安唯卿一聽這話,只覺得心中充盈,原來父親還沒有厭棄他!竟為著他求醫問藥……

幼瓷想著安唯卿會聯想到什麽有趣的東西,忍不住笑起來,腳步輕快的朝著自己的院子走去。安臨彥竟還沒有離開,只不過位置從床變成了辦公桌,他穿著一身筆挺的西裝,認真處理工作的樣子有幾分迷人。幼瓷不禁有些看的入了迷,反應過來之後暗暗罵了一句斯文敗類。

安臨彥似有所覺,他擡起頭,就看到了幼瓷顯得有幾分懊惱的神情。“怎麽了?唯卿惹你生氣了?”

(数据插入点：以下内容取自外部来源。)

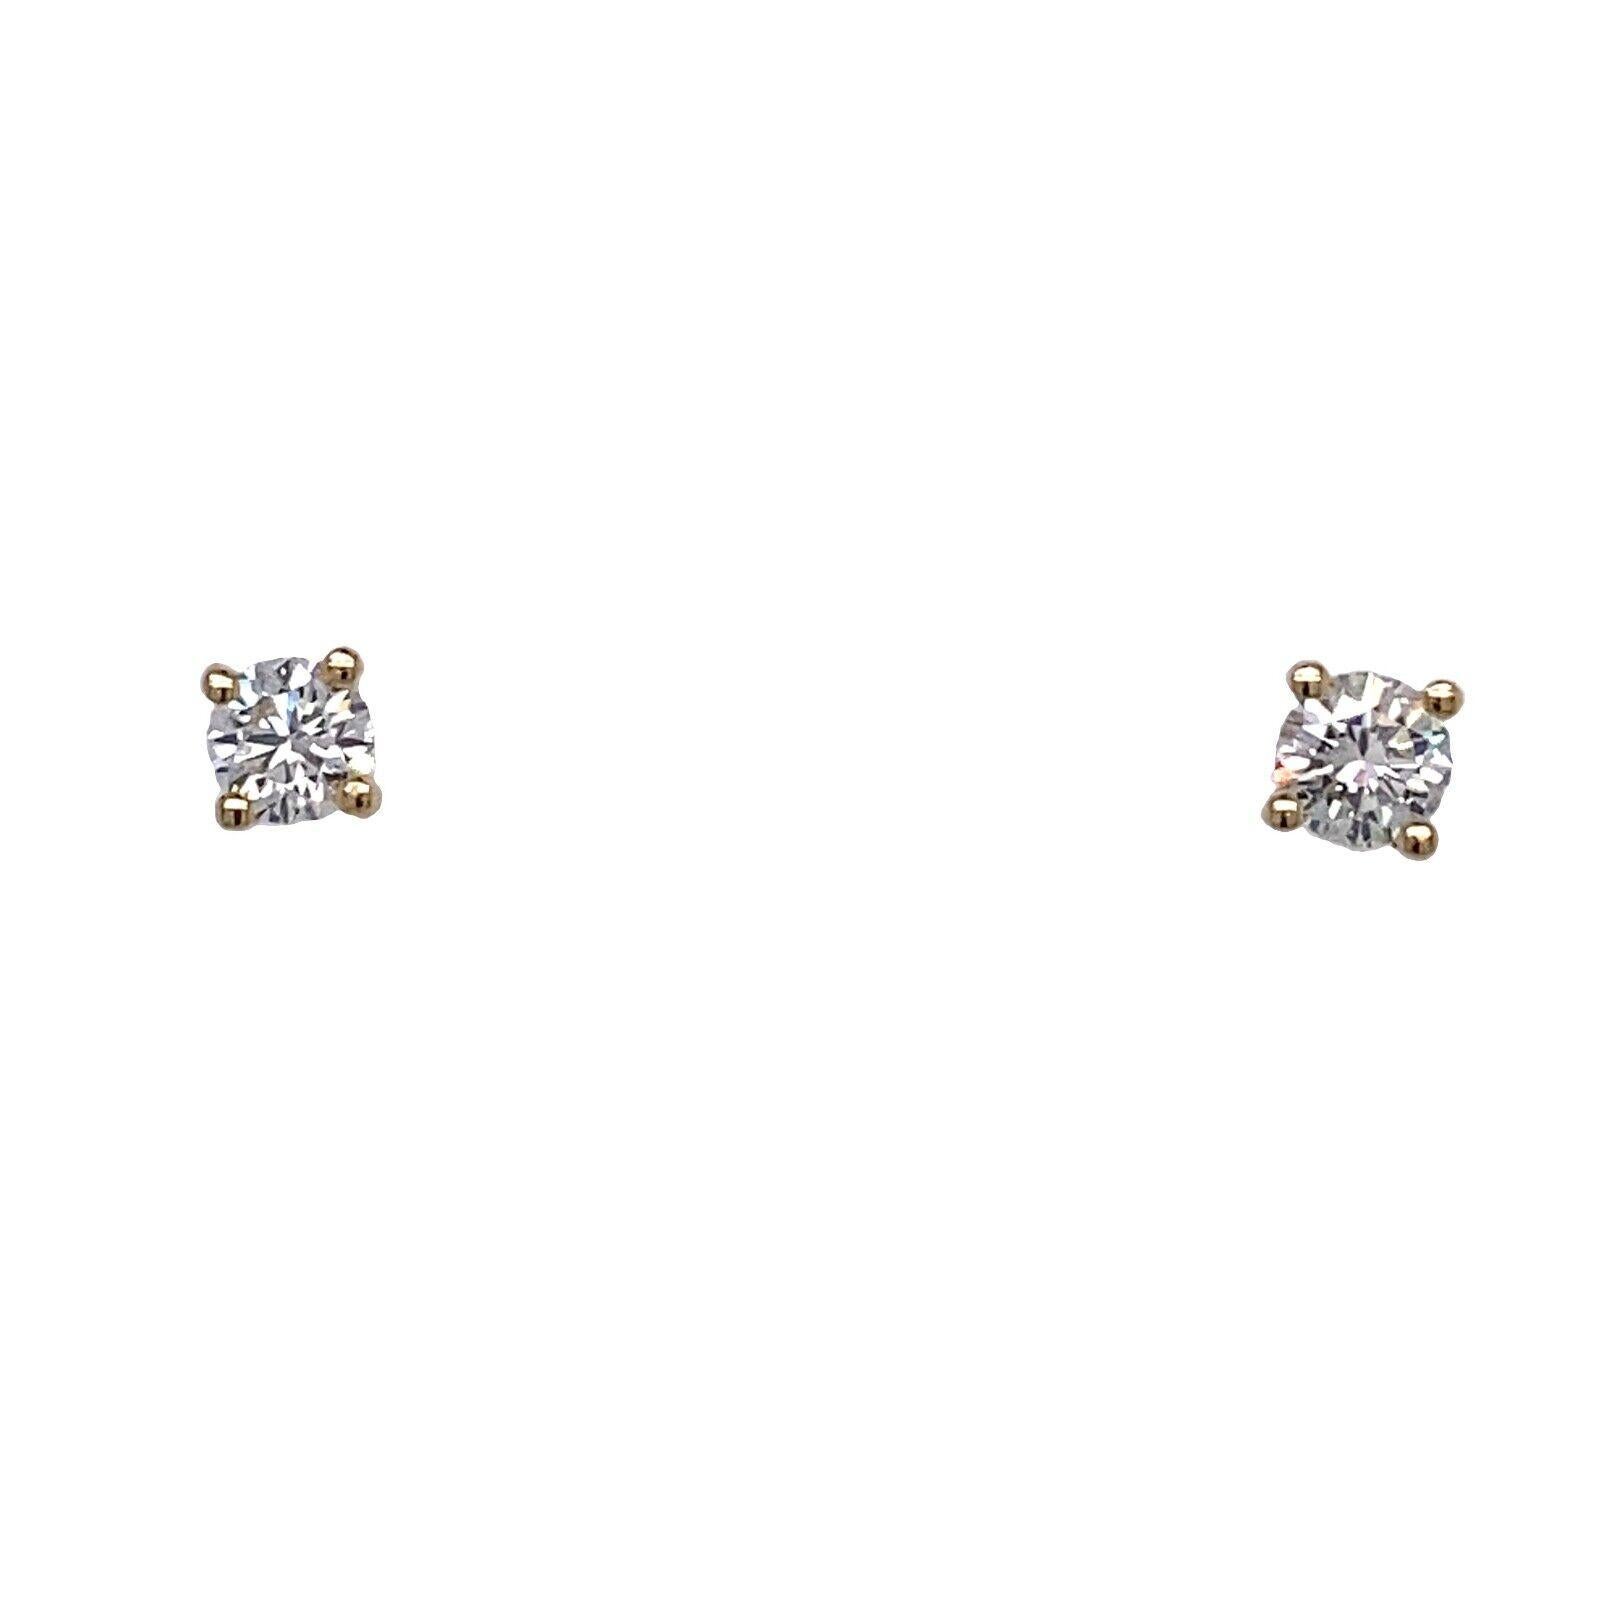 18ct Yellow Gold Solitaire Stud Earrings, Set With 0.50ct of Diamonds

This pair of 18ct Yellow Gold earrings is crafted with a total of 0.50ct round brilliant cut Diamonds. The Diamonds are set in four claw settings. This pair of earrings is a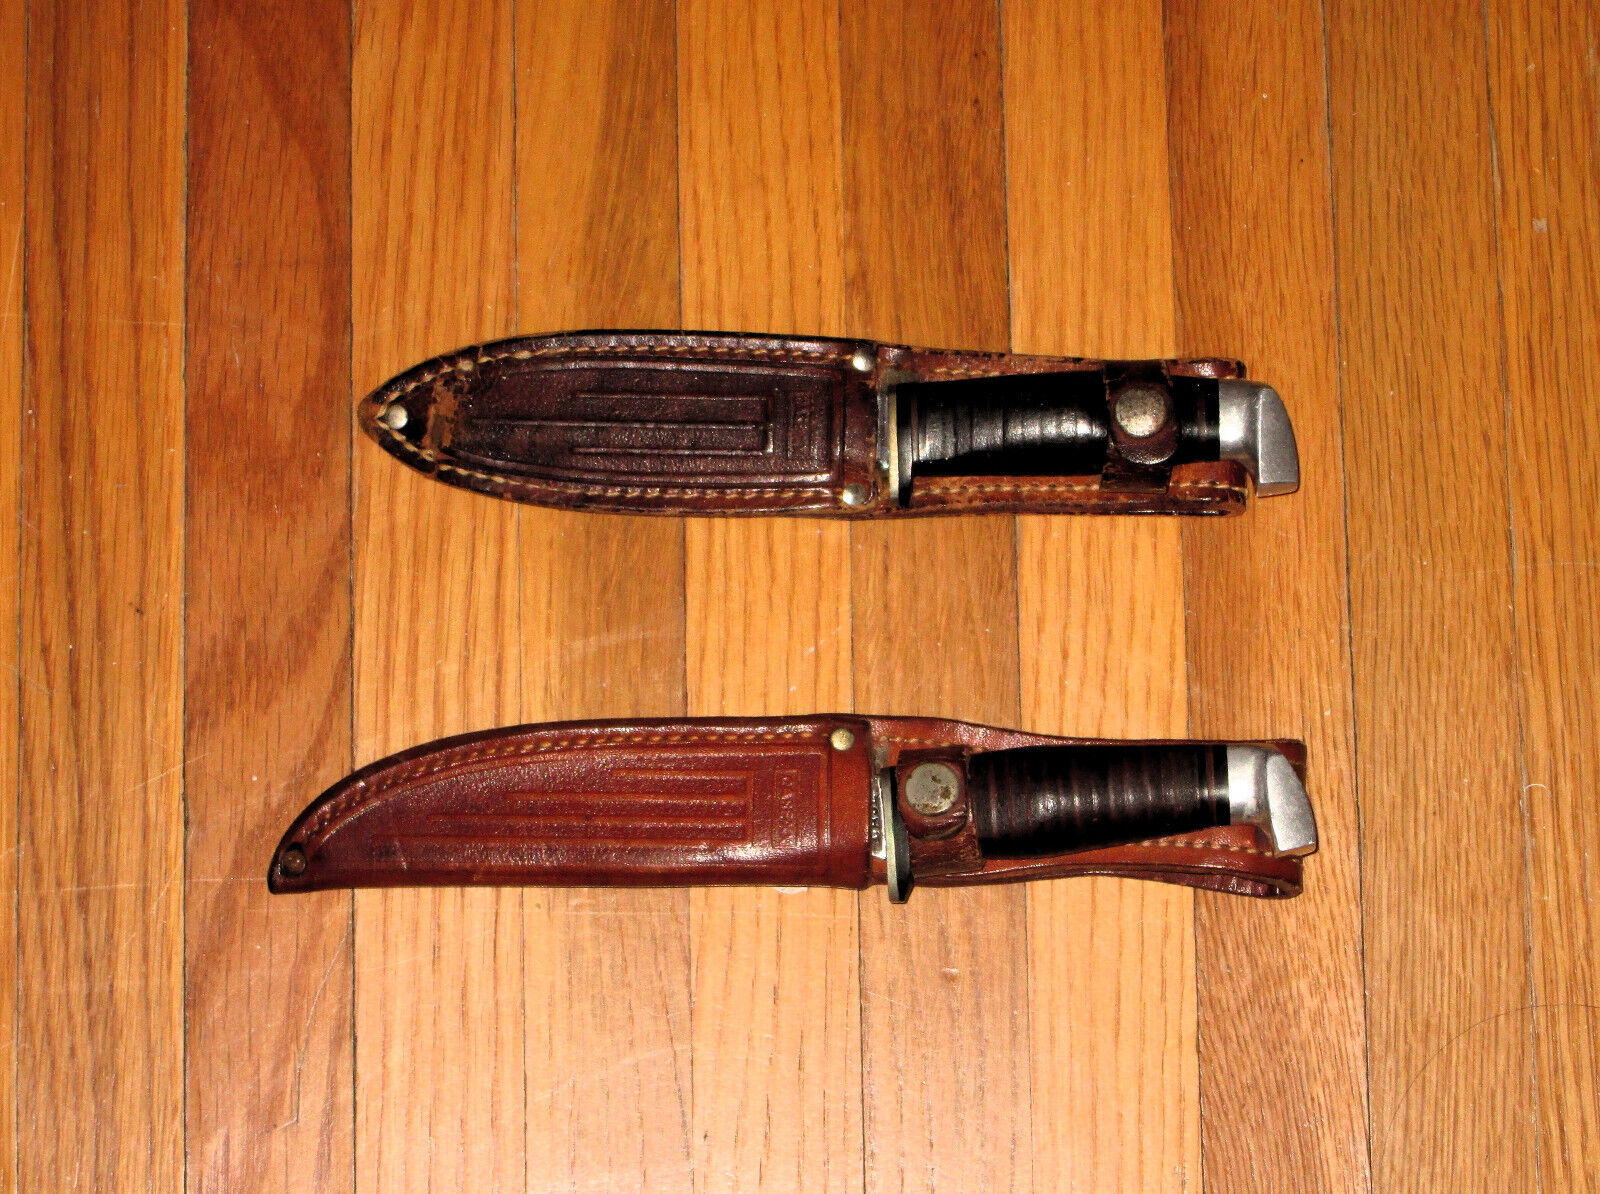 Lot of 2: CASE Hunting Knives - Includes Sheaths

一聽安臨彥開口就是“唯卿”,幼瓷本來並不生氣,都變得有幾分氣惱。他心中更是糾結,連個名字自己都生氣,安幼瓷啊安幼瓷,你真是沒救了,太沒骨氣了。

安臨彥好笑的看著幼瓷變來變去的臉色,而後輕笑了一聲。幼瓷走向他,頗有幾分惱羞成怒的意思,狠狠瞪了安臨彥一眼,但是眼波流轉間卻是說不清的嫵媚動人。安臨彥自然不放過自己送到嘴邊的獵物,一把拉住幼瓷,將他放到自己的腿上。幼瓷也無矯情,放松了身體靠在安唯卿的身上。兩個人都沒有說話,安臨彥處理著公司的文件,也沒有避開幼瓷,而幼瓷卻像是對那些文件都不感興趣一般,百無聊賴的玩著安臨彥的手指。到後來,竟漸漸有了困意,幹脆在男人懷裏睡著了。安臨彥看著小孩的純凈的睡臉,無奈而又帶著寵意的嘆了一口氣。

“阿瓷,醒一醒,吃點東西再睡。”幼瓷被男人溫柔的聲音喚醒,他有些迷茫的看了看周圍,發現自己仍舊窩在男人懷裏。幼瓷渾身發軟,他撐著安臨彥坐了起來,看了眼手機,已經十二點多了。午飯是容止的做的,容止雖然很不想給安臨彥這個混蛋做飯,但看在少爺的面子上,只好多做了一份。

“阿瓷帶來的這個廚子,手藝倒是比安家的還要好上幾分。”安臨彥調笑道。

幼瓷撇撇嘴,渾不在意:“這廚子還是爸爸當年給我挑的,手藝自然好。怎的,這麽多年不見,爸爸竟連自己挑的人手都不認識了?”

安臨彥少有的楞住了,而後他笑嘆一聲:“阿瓷那麽小時竟已城府在胸,爸爸輸得不冤。”

“輸?爸爸何時輸了?”幼瓷挑眉看向安臨彥。對方無奈一笑,看著幼瓷意有所指:“爸爸將心輸給了阿瓷啊。”

幼瓷心下一跳,不置可否,面上卻悄悄浮起了幾抹緋紅。這些情話,他是不會信的,但是雖說不信,卻不可不被蠱惑啊......安臨彥,你蠱惑人心的本事,還真的是十年如一日,不見退步啊!